Açıklamada görüşlerine yer verilen Bilgi Üniversitesi İletişim Fakültesi Dekan Yardımcısı Doç. Dr. Başak Uçanok Tan, “Bilim iletişimi, sıcak gündem konularından bir tanesi ve tanımlaması kolay değil. Çok fazla aktörü içinde barındıran ve öte taraftan da çok karmaşık bir sistem içerisinde bize ışık tutmaya çalışan bir süreci gösteriyor” ifadelerini kullandı.

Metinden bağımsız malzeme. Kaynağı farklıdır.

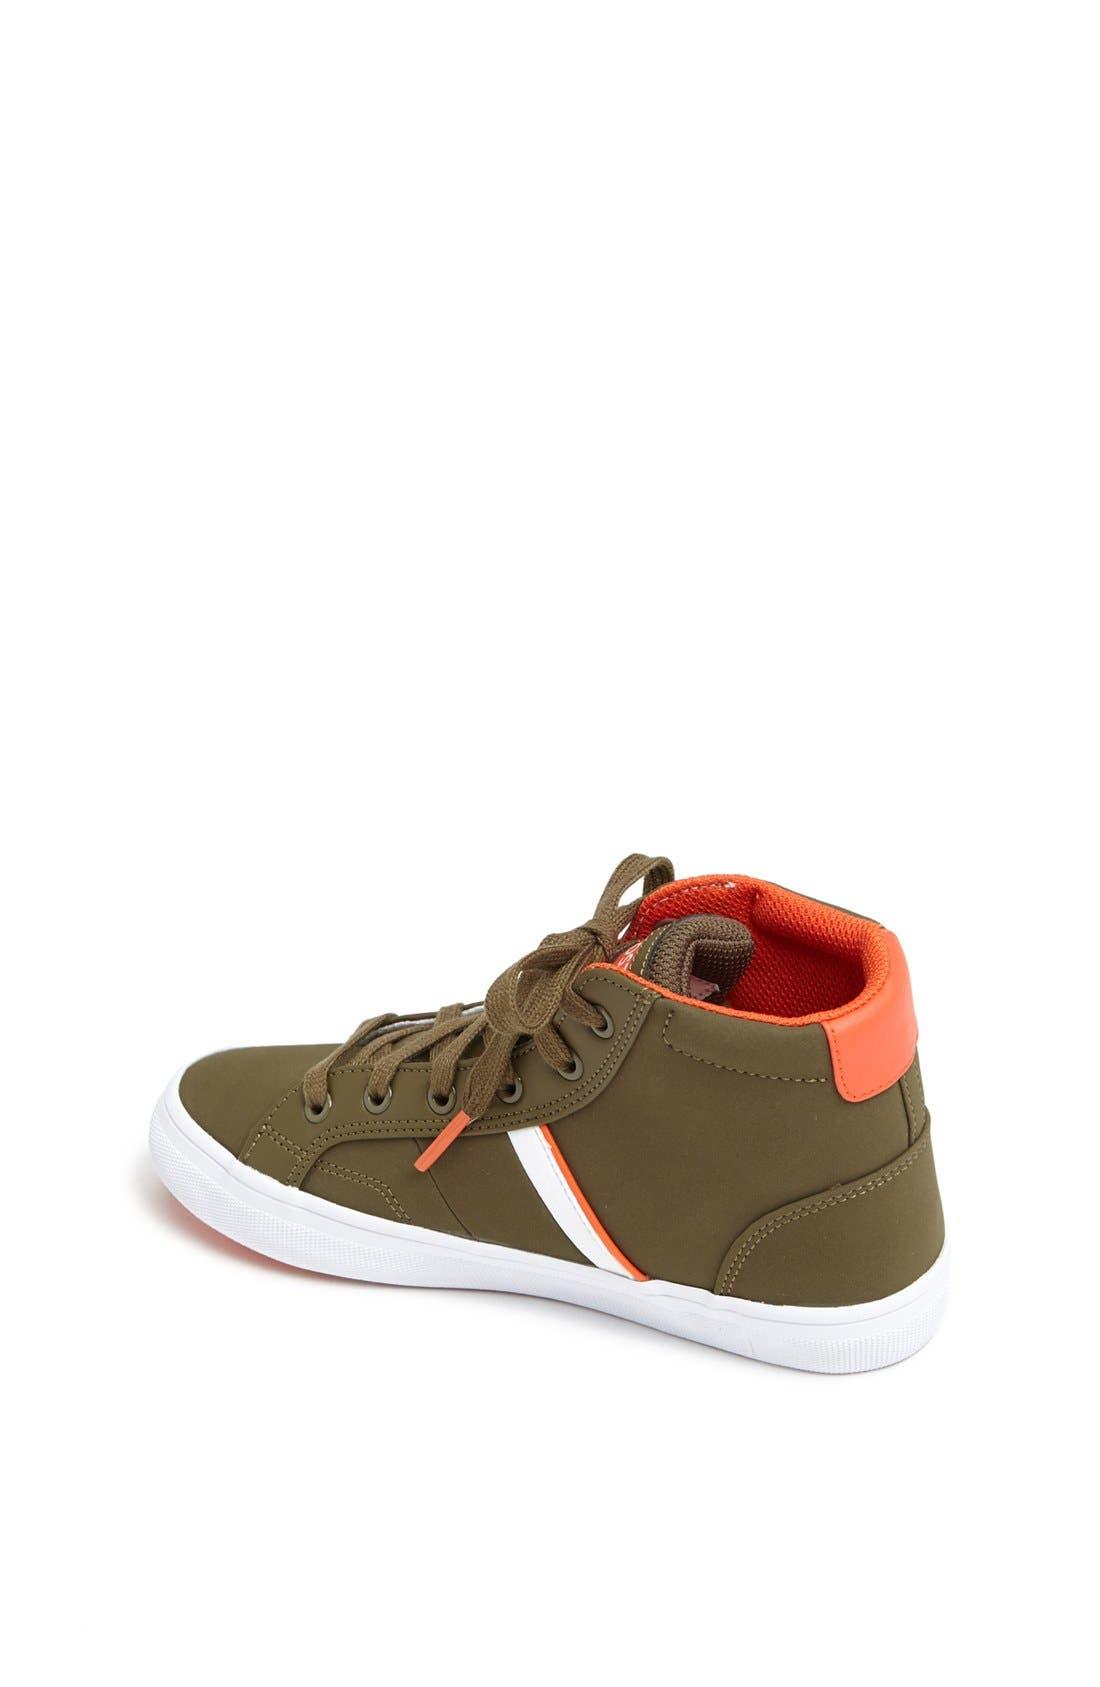 Alternate Image 2  - Lacoste 'Fairlead' High Top Sneaker (Toddler, Little Kid & Big Kid)

Seminerde bu sorunlar üzerinde biraz düşüneceklerini kaydeden Tan, “Bilim iletişimi içinde bulunduğumuz çoklu krizlerin, belirsizliğin, bilginin karmaşık ve kompleks olduğu bir dönemde çok kritik bir rol oynuyor ve akademisyenler, iletişimciler, bilgi üreten kurum, kuruluşlar olarak ciddi bir sorumluluk üstleniyoruz. Daha etkili bir bilim iletişimi nasıl mümkün olur, nasıl bir model geliştirebiliriz? Bunun tohumlarını atabilirsek ne mutlu bize” açıklamasında bulundu.

‘BİLİM GAZETECİLİĞİNDE ÜLKEMİZDE HENÜZ BİR UZMANLAŞMA YOK’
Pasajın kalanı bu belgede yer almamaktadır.